The LINS688 series IMUs employ a three-dimensional stacked MEMS manufacturing process, measuring just 44×47×14 mm in size, weighing under 40 g, and consuming less than 1 W of power. The highest-specification model features a gyroscope zero bias instability of <0.3°/h and an accelerometer zero bias instability of <15 μg. When integrated with existing GNSS or external GNSS receivers in flight control systems along with LINS's proprietary Kalman filtering algorithm, these units maintain exceptional navigation accuracy even during prolonged GNSS signal interruptions.

The MS-6222 is a compact, high-precision, high-performance MEMS-based navigation system independently developed by LINS Technology.

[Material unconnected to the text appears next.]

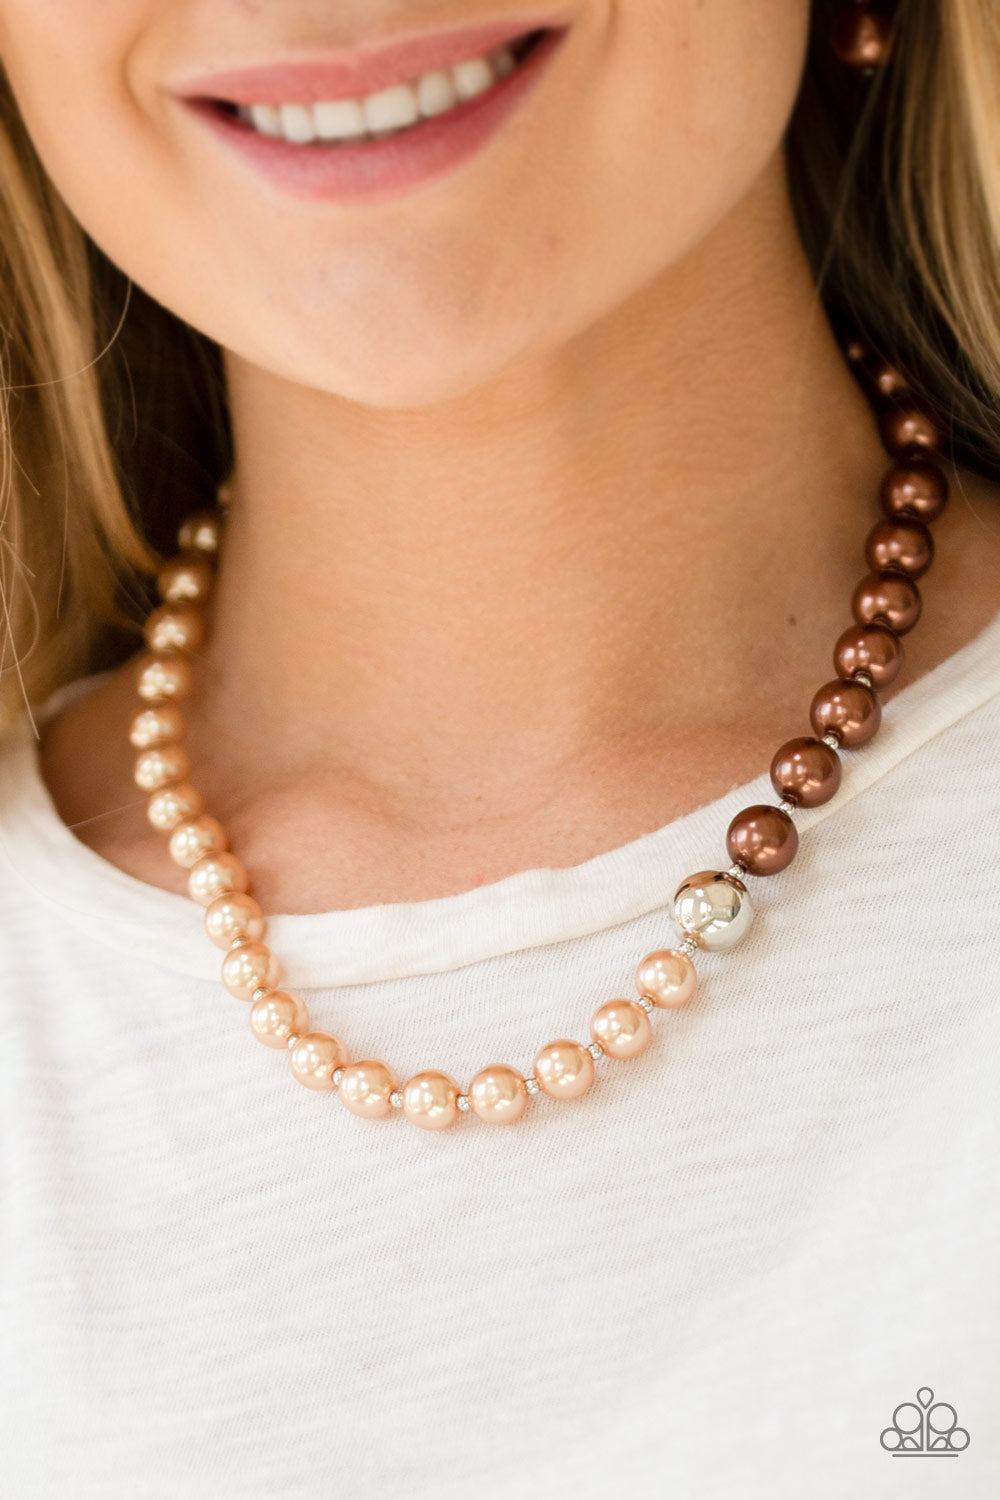 5TH AVENUE A-LISTER - BROWN GOLDEN SINGLE STRAND PEARLS NECKLACE

It features a robust packaging design, integrates a high-precision MEMS inertial measurement unit (IMU) and a high-precision GNSS module, employs a multi-source Kalman filtering fusion algorithm, supports dual GNSS antennas, offers extensive interfaces, operates across wide voltage ranges, and delivers continuous, reliable high-precision positioning, navigation, and 3D attitude information in complex environments.

   

 

As every drone safely flies over cities, as every eVTOL smoothly delivers passengers to their destinations, and as every low-altitude flight route becomes a reliable "skyway" behind all these achievements stands the steadfast support of  LINS Technology's premium product portfolio. LINS Technology will continue to deepen its expertise in INS-GNSS integration technology, offering a comprehensive product lineup to meet diverse low-altitude application needs, thereby establishing a solid "safety foundation" for the trillion-dollar low-altitude economy and soaring together with China's low-altitude industry.